I was surprised the ST has a cable-operated clutch. As far as I know, all other bikes in Triumph's new line have hydraulic clutches. It may have been a weight-saving decision. I didn't notice any difference in performance. It seemed an anachronism on such a high-tech vehicle, but it worked just as well as any other clutch.
Up front are twin four-pot disc brakes. Compared to the single disc on my T-bird, the ST has amazing solid stopping power. A flick of the hand applies them solidly - not the grab-and-hang-on method I was accustomed to. I seldom used the rear brake except to bleed off a bit of excess speed. I had to be careful to avoid doing "stoppies" and tossing my rear wheel (any myself) skyward with such solid front brakes.
Mirrors are acceptable - certainly equal to or better than better than on any cruiser I have ridden and pretty clear at any speed. They're positioned forward compared to the T-bird' s, so it took a bit of practice to locate them in a quick check. They remained reasonably clear at high speed, but the low windscreen permits the air stream to buffet your helmet, so blurring occurs anyway.
Like other Triumph bikes, the ST doesn't have self-cancelling turn signals. It has always amazed me that such a simple device is not included on a such high-tech bike. You get accustomed to turning them off - but I have yet to be given an adequate answer as to why they're not installed at the factory. As far as I know, none of the new Triumphs have this simple, elegant device.

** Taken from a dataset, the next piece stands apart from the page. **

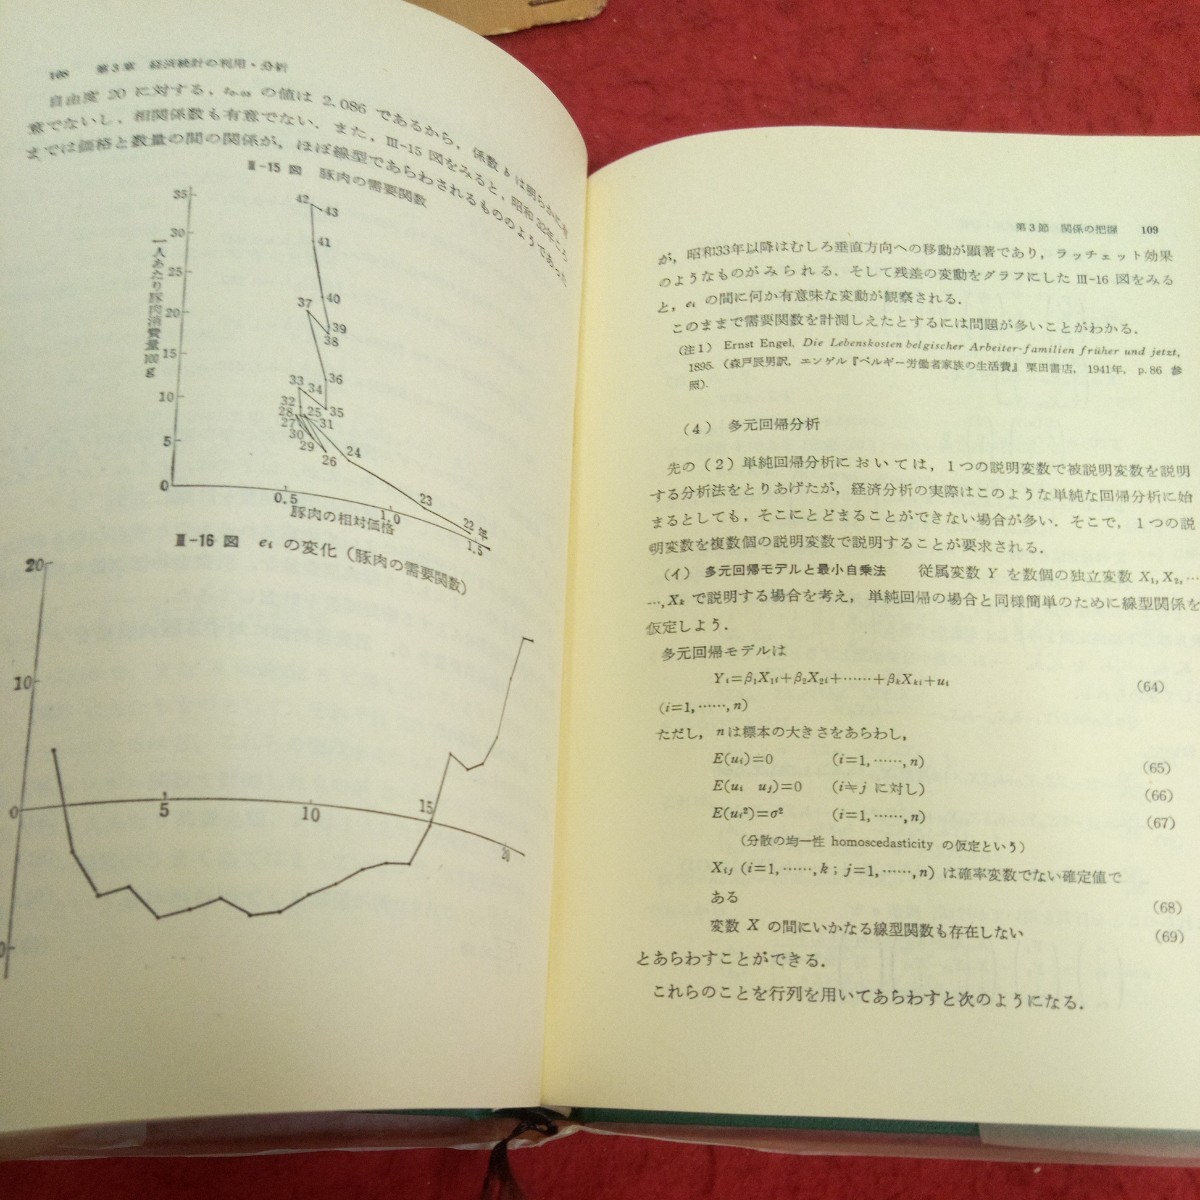 f-662 経済統計講義 伊大知良太郎 編 青林講義シリーズ 箱入り 青林書院新社 1971年発行 経済と統計の間 経済統計データ など※2_画像5

The windscreen is small and gives partial protection, but unless you hunker right down on the tank, it's really too low for most riders, directing the air up around the head level. The noise factor becomes an issue too. Expect an after-market screen to offer better protection. This is probably the ST's only significant oversight.
On the highway, the fairing provides adequate protection from the wind, but when you drop from highway to street speeds, you'll notice the hot air from the engine is directed over your legs. It wasn't a problem in May, but in the heat of summer, it may be uncomfortably warm, especially if you ride in shorts (I know, not acceptable safe riding gear, but on a hot June day, and you're riding through the crowded party zones of Wasaga Beach among all the other sportbikes and muscle cars, it's definitely the gear of choice). The frame can transmit the engine heat to your legs - and it gets hot enough to be unpleasant on bare skin if you're in slow traffic.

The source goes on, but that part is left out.